Daryl Kramp, Member of Parliament for Prince Edward-Hastings, took part in the unveiling of a bronze statue of Macdonald that depicts him at the beginning of his career.
Macdonald called the Quinte region his home for 11 years, living in Hay Bay, Napanee, Glenora and Picton before moving finally to Kingston in 1835. John A.’s family and cousins lived in the region. He travelled constantly but his family home was a small clapboard house on Hay Bay near Adolphustown followed some years later in the Miller’s House at the Stone Mills of Glenora, where his father was a miller and magistrate.
“I am very pleased to see this project initiated by the community where Sir John A. Macdonald spent an early part of his career honing his skills as a lawyer,” says Kramp. “I applaud the objective of the Macdonald Project, which is to shine a light on the early life of a man who, through hard work, determination and genuine affection for people, rose to become Canada’s first prime minister.”
Historians believe Macdonald probably stayed with his cousins, the Macphersons, in Picton during the two years he lived here. But he spent a great deal of time with his family Hugh, Helen, Margaret and Louisa at Glenora, below Lake on the Mountain. He said later that these were the happiest days of his life.

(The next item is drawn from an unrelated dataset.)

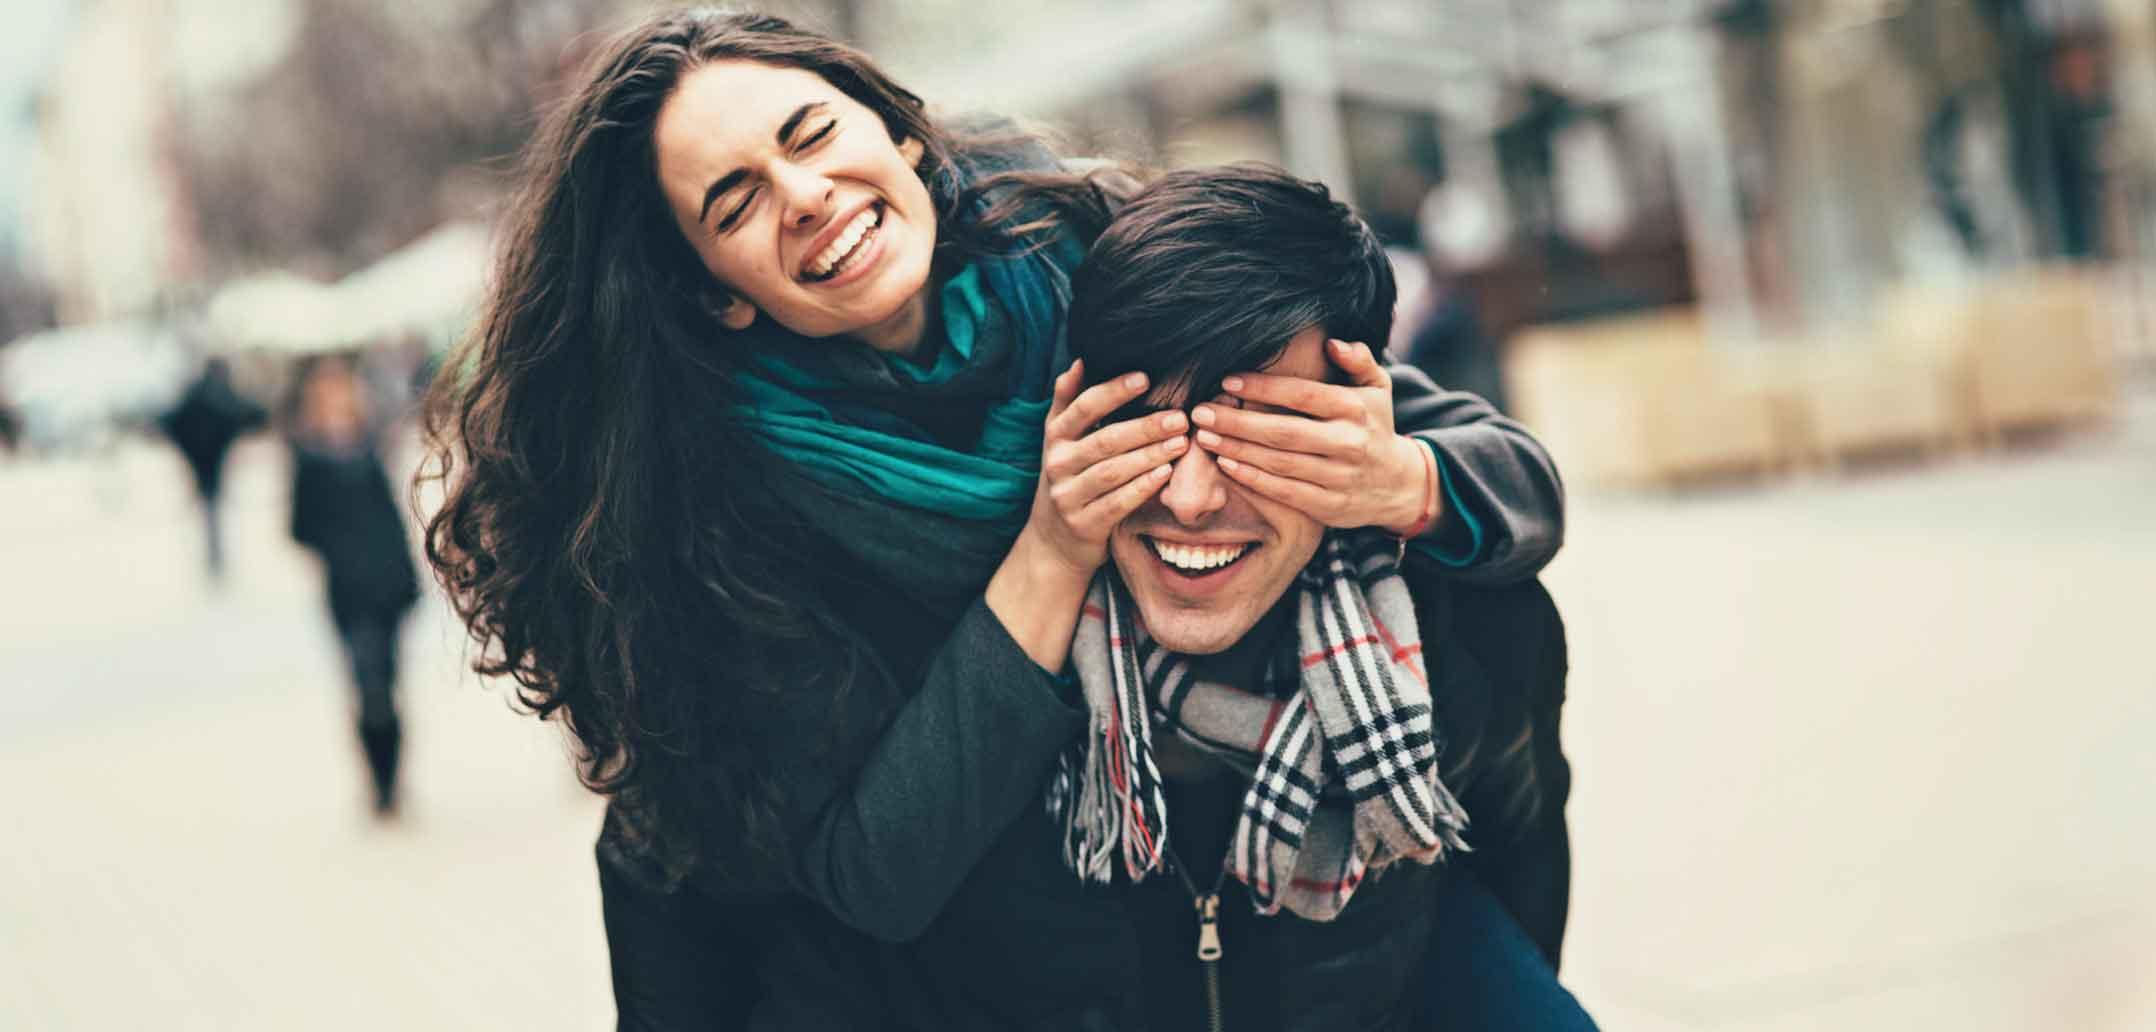 Ganz und zu Extrem 22 romantische Überraschungen | beziehungsweise &DH_48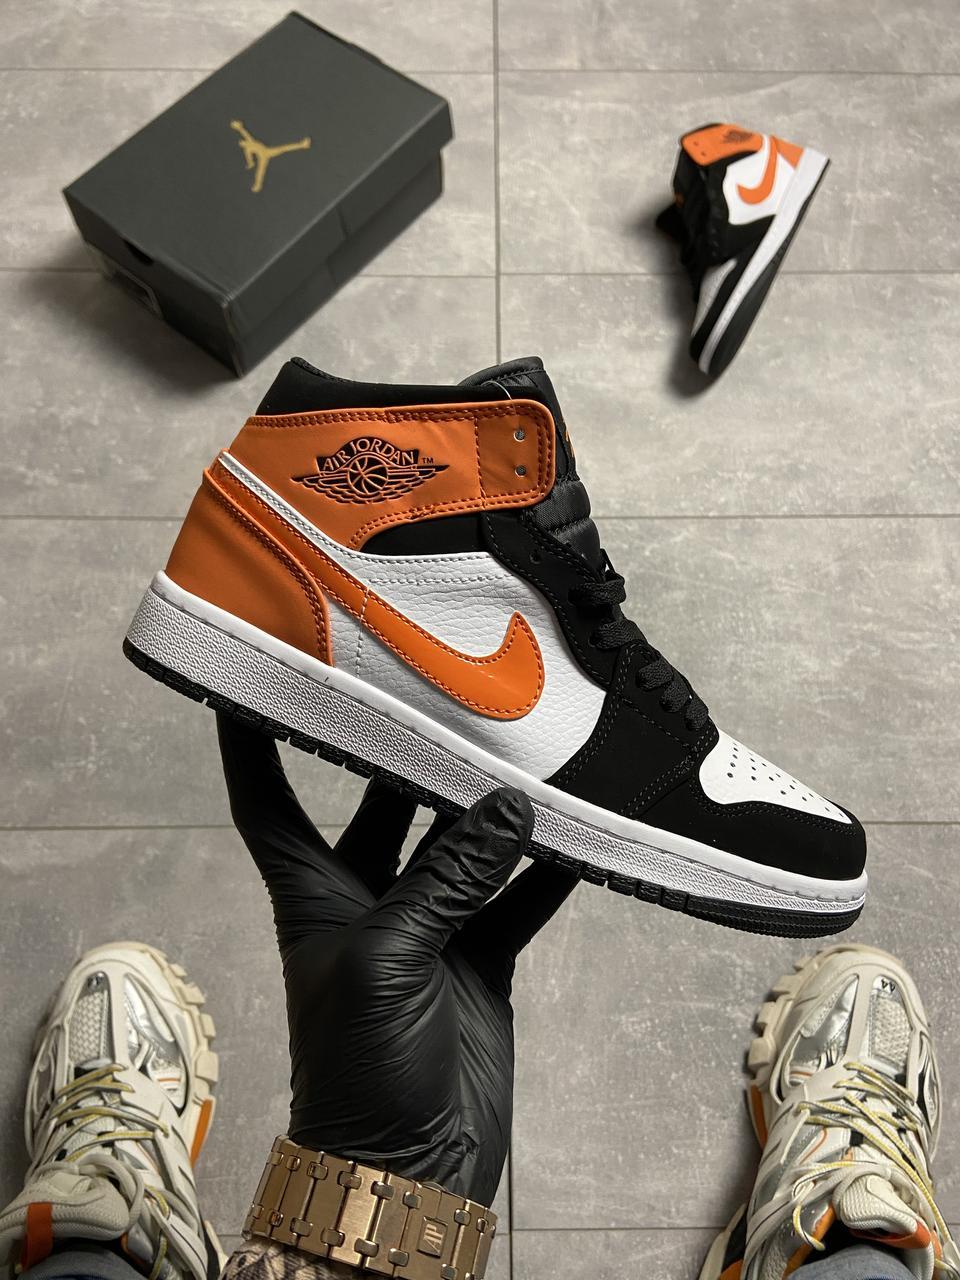 Nike Air Jordan 1 White Black Orange (Белый)

According to David Warrick, the chair of the steering committee of the Macdonald Project of Prince Edward County, the young Macdonald was already displaying leadership qualities and civic mindedness, even in his teenage years. Macdonald volunteered as secretary of the first public school board, organized a young men’s debating society, volunteered as a polling clerk for the election of the 12th legislature of Upper Canada in the Picton Courthouse in 1834, and he signed a petition to rename Hallowell (which later became Picton.)
The sculpture, created by Ruth Abernethy, captures a moment in time when Macdonald appeared in court for the first time before a judge and jury in Picton, Upper Canada in 1834. He won the trial and four months later became an attorney while still living in Picton.
Warrick notes the sculpture “will remind Canadians that the nation’s first prime minister began his career in law and public administration in Picton.”
“He rose from humble beginnings as the son of an immigrant shopkeeper and miller in the Quinte region to become the principal architect of Canada,” Warrick says.
- Sir John A. Macdonald lived in the Bay of Quinte region and Prince Edward County for about 11 years and began his law practice there.
- The sculpture is located in Picton’s historic downtown. It depicts Sir John A. Macdonald as he would have appeared presenting and winning his first court case before a judge and jury in the Picton Courthouse on Oct. 8, 1834.
- The Macdonald Project will develop educational materials to accompany the statue. Walking tours will also be planned, and new media will be used to promote the project.